Do wypadku doszło przed godziną 10 na Trasie Toruńskiej tuż za wiaduktem na Głębockiej (w kierunku Marek). O szczegółach kraksy informuje serwis gazeta.pl:
„Kierujący niebieskim Peugeotem z jakichś powodów zdenerwował się na kierującą srebrnym oplem. Postanowił jej >dać nauczkę< i postraszyć wykonując na drodze gwałtowny manewr. Doszło do zderzenia dwóch pojazdów, Peugeotem zarzuciło i uderzył w barierki energochłonne całkowicie rozbijając przód auta” – informuje gazeta.pl
Nikt nie został ranny, ale przez długi czas aż dwa z trzech pasów w stronę Marek były nieprzejezdne.
Redakcja targowek.to serdecznie pozdrawia kierującego peugeotem i życzy mu miłego klepania samochodu.
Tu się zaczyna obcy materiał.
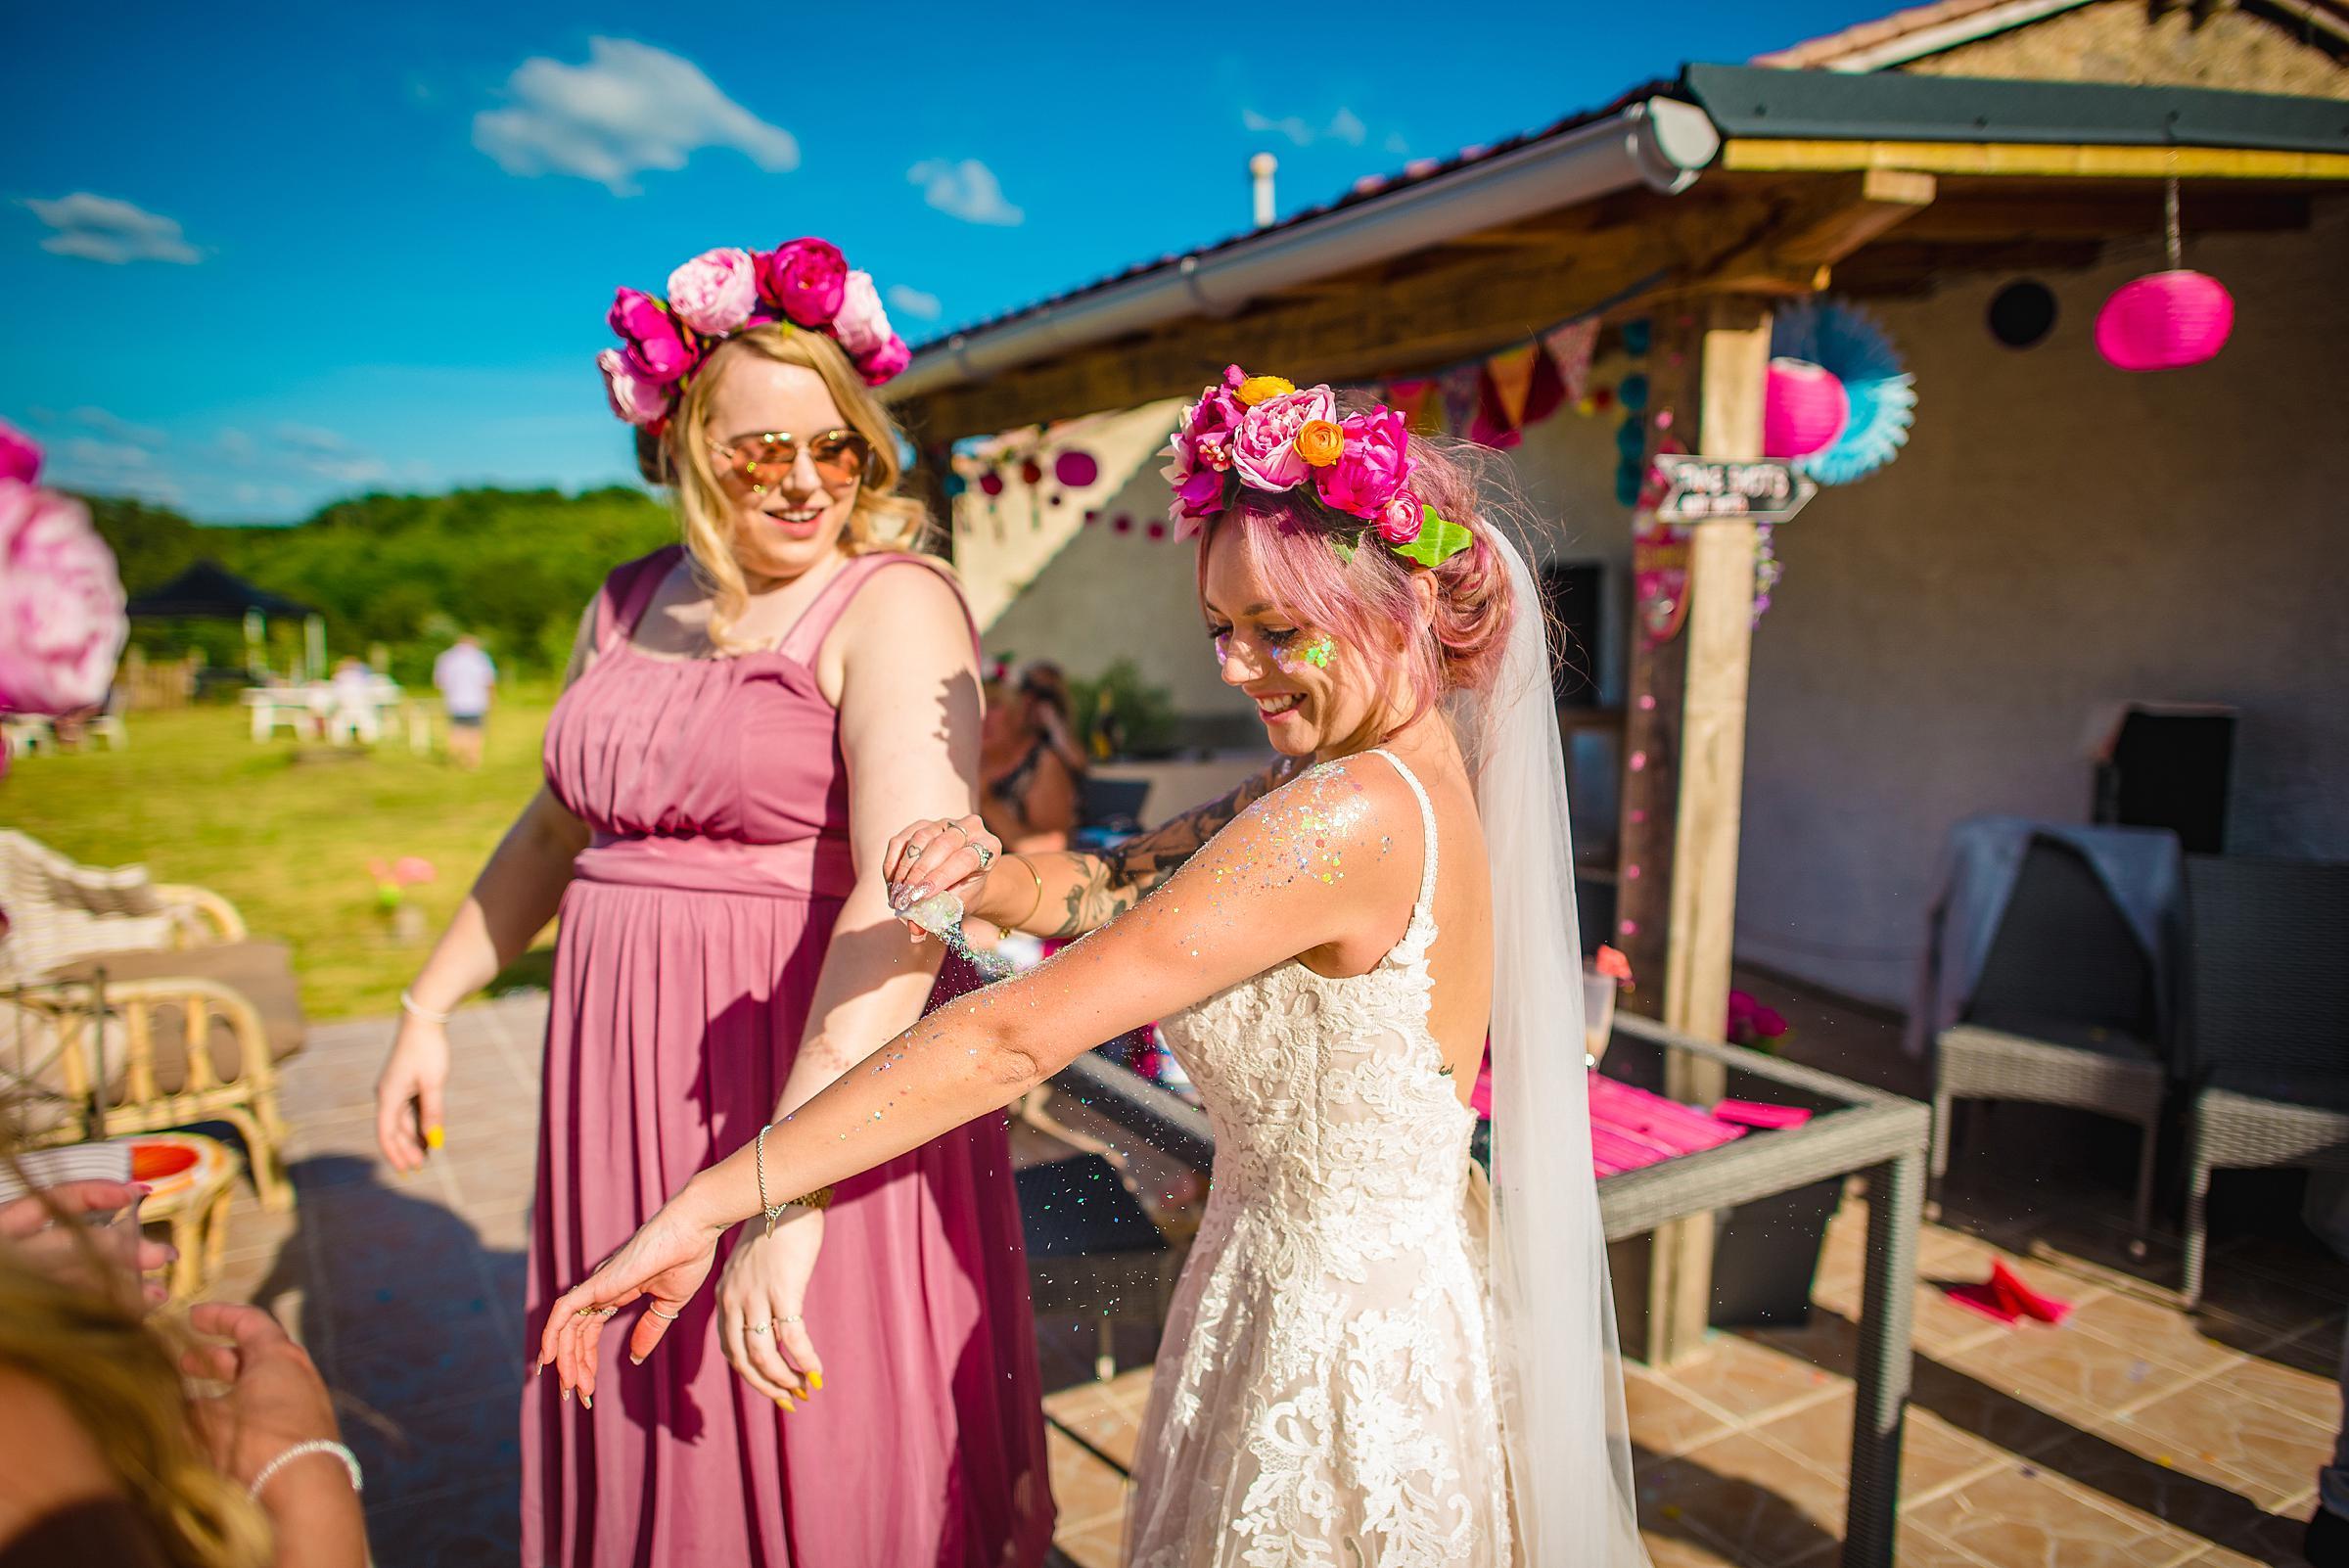 Back Garden Festival Wedding in France - Glittered Bride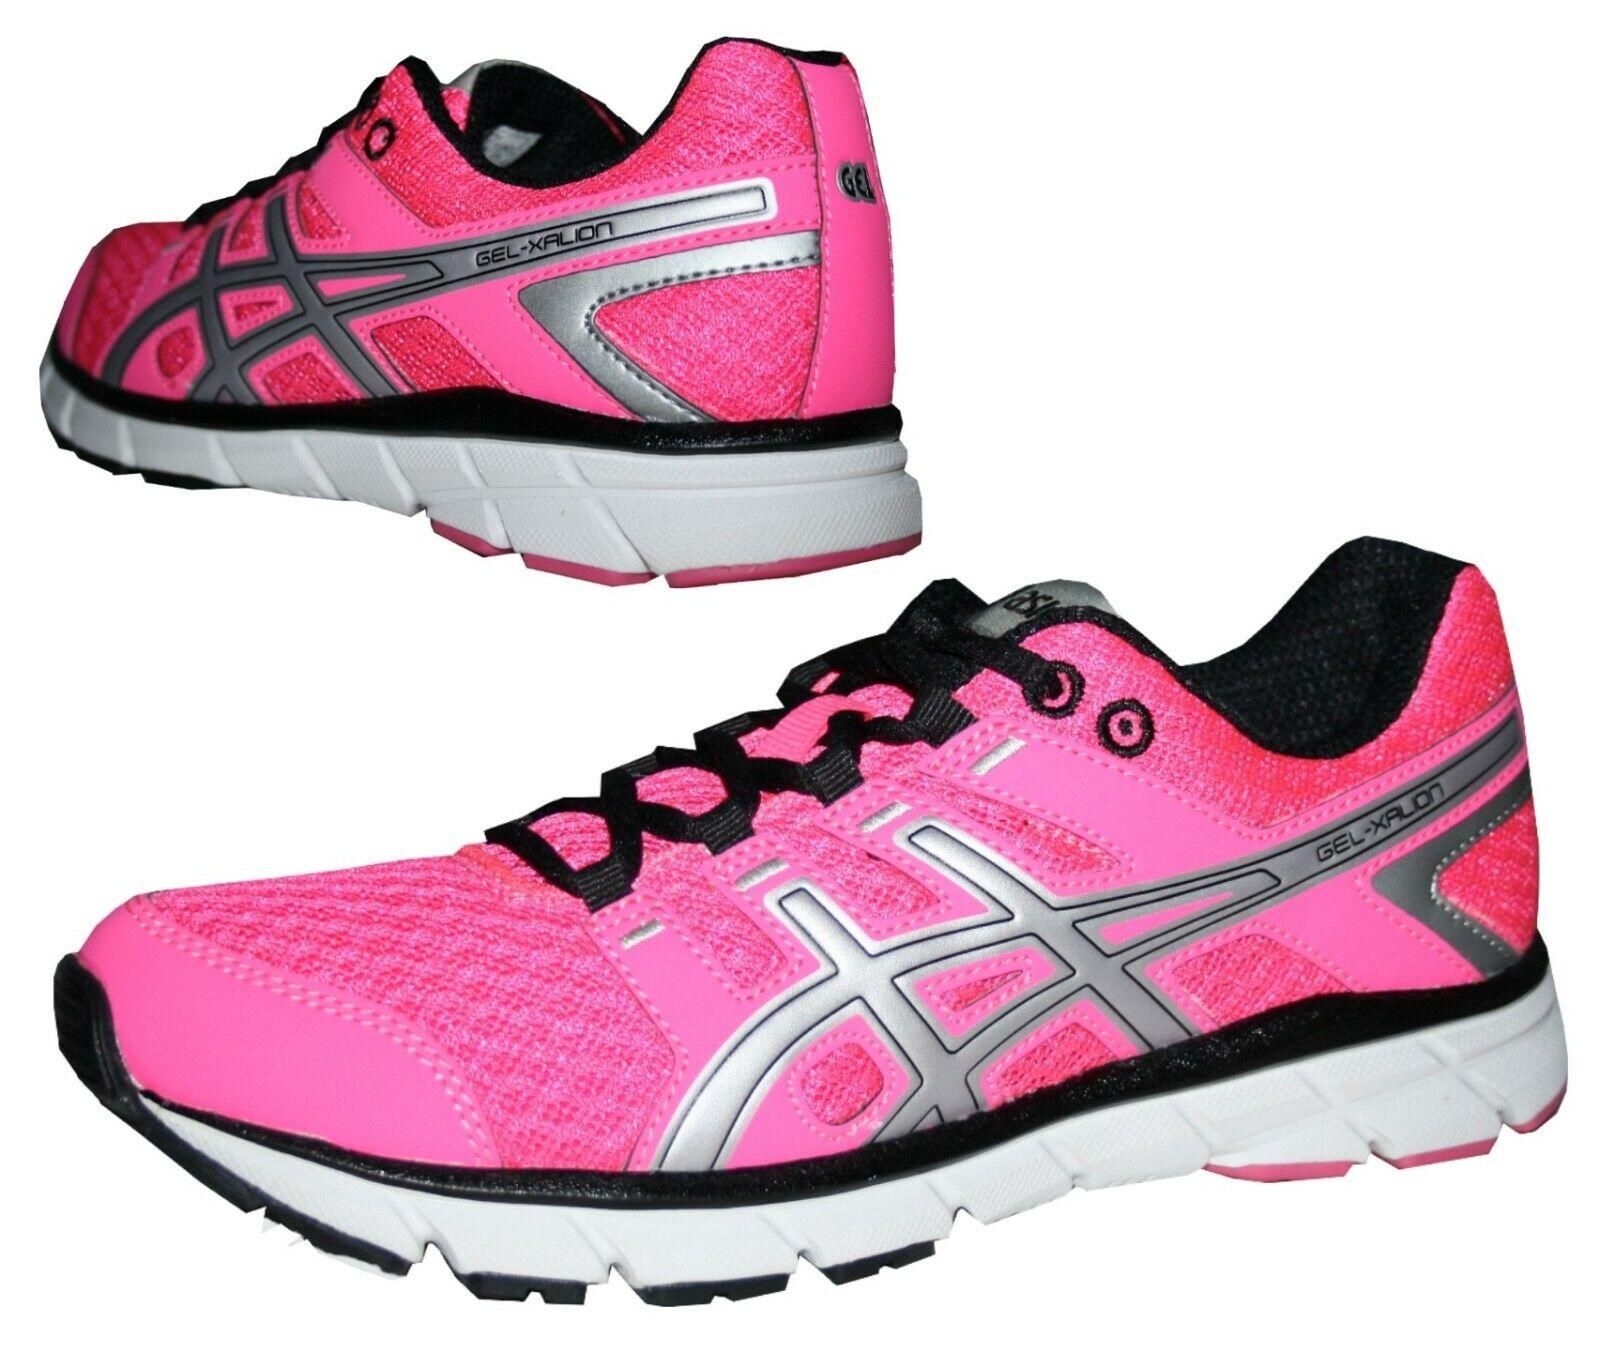 Asics Gel Xalion Damen leichte Laufschuhe Fitness Sneaker Sportschuhe pink 37

Oby rachunek z warsztatu był jak najwyższy.
pewnie jakiś WWL – to „miszcze” kierownicy
WWL – ta rejestracja mówi wszystko,złodzieje,dilerzy,cwaniaczki
A ja to widziałem. Peugeot miał tablice o wyróżniku WJ… czyli z Targówka. A Henryk i Gosia lekko się rumienią ze wstydu i „pewnie” myślą jak się odgryźć (oczywiście pod zmienionymi nickami, żeby nie wyjść na słabeuszy).
Było inaczej- to był kark z Tłuszcza, w skradzionym kiedyś aucie na Targówku. I dlatego WJ.